If you can't ever see yourself splurging on one of these, you can get pretty close by doing this:
1. Buy a Dovo/Jemico Red Russian. Keeping the leather out of the water, wash and abuse the canvas until soft.
2. Use the Red Russian leather side as suede. Never put anything on it at all. No oil, grease, dressing - nothing!
3. For finishing we will need the smoothest and glassiest strop, again with no dressing on it ever. I'm a bit out of touch here, but I daresay someone will chime in with a strop that is finished super smooth and shiny.

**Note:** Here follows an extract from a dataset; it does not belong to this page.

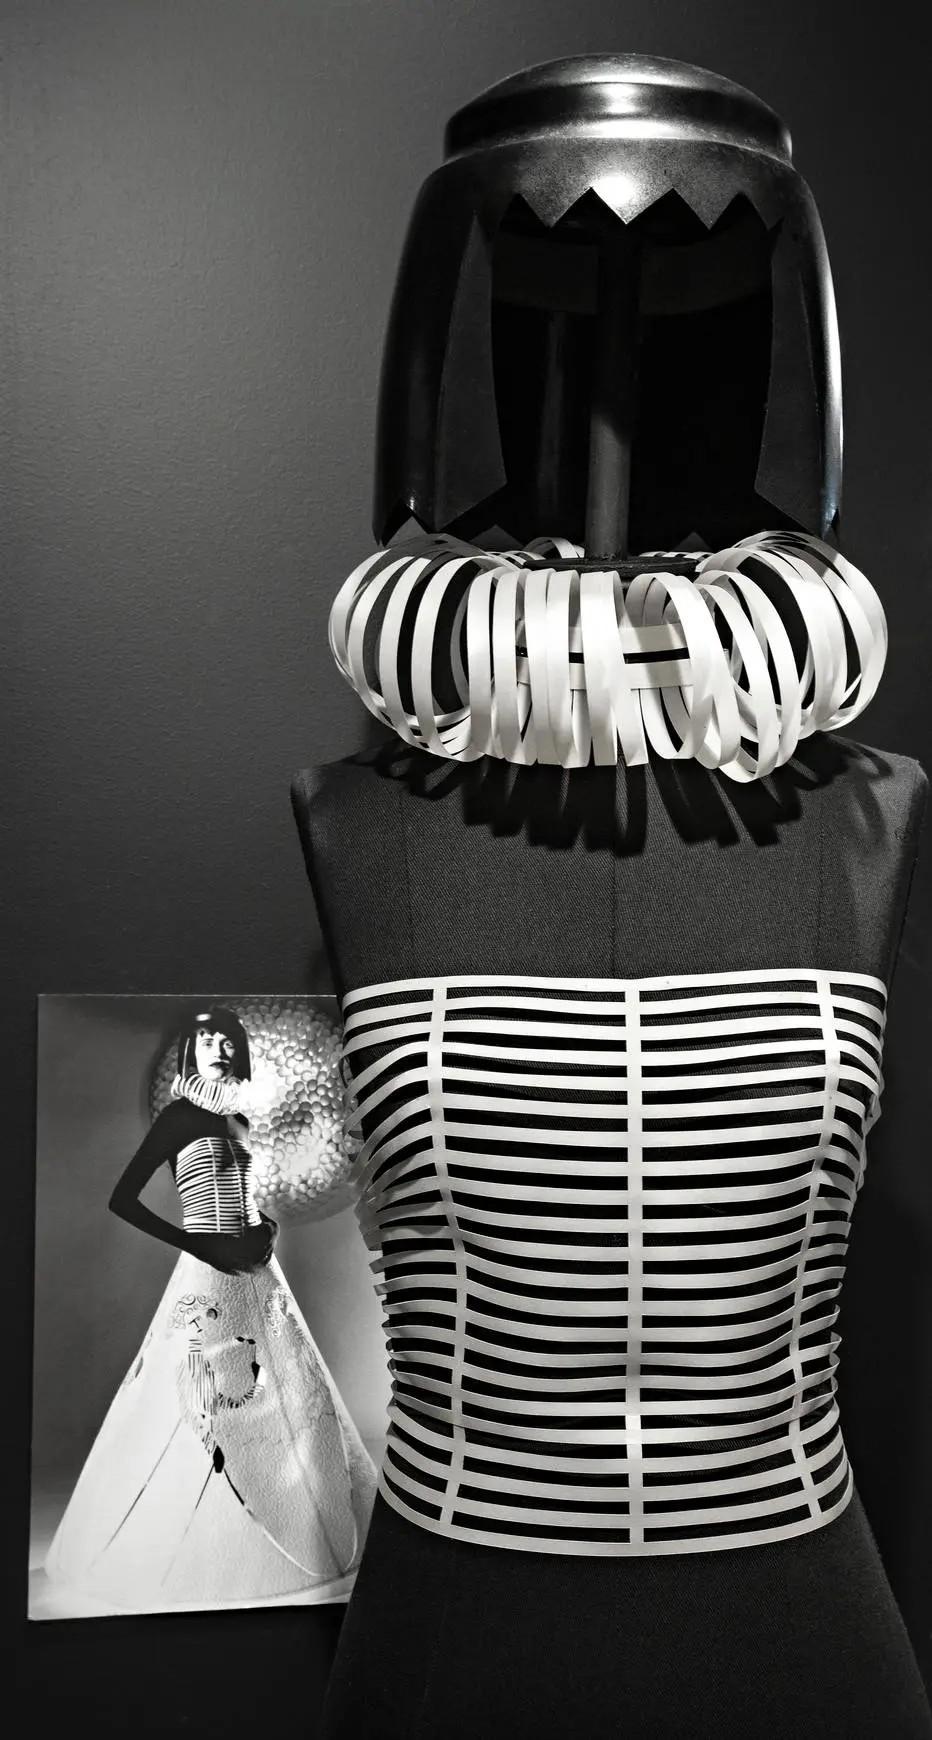 Corset da coleção A Costura do Invisível, de Jum Nakao (Foto: Fifi Tong/Divulgação)

Or you can just buy the real thing and be done with it. There isn't an objective way to quantify the effect of the strop, and this will not make a blunt razor shave like magic! Maybe it improves the shave ~5% over my other strops, and maybe that's me fooling myself. Perhaps the pride of ownership is what fools me. I don't regret investing in it, though I am concerned for the fragility of the cordovan surface - it does tend to make you strop very slowly and carefully and with as little pressure as possible. Nothing like that movie - what was it? Lives of a Bengal Lancer? Where someone cuts his strop and then slices the whole thing through in frustration, thus destroying not only the strop but also his razor. No hard and fast stropping here, just light and careful caressing of the cordovan. If you can, try it out. The opportunity will soon be gone as the gentleman who makes them is in his eighties and has no apprentices for the future continuation of the business.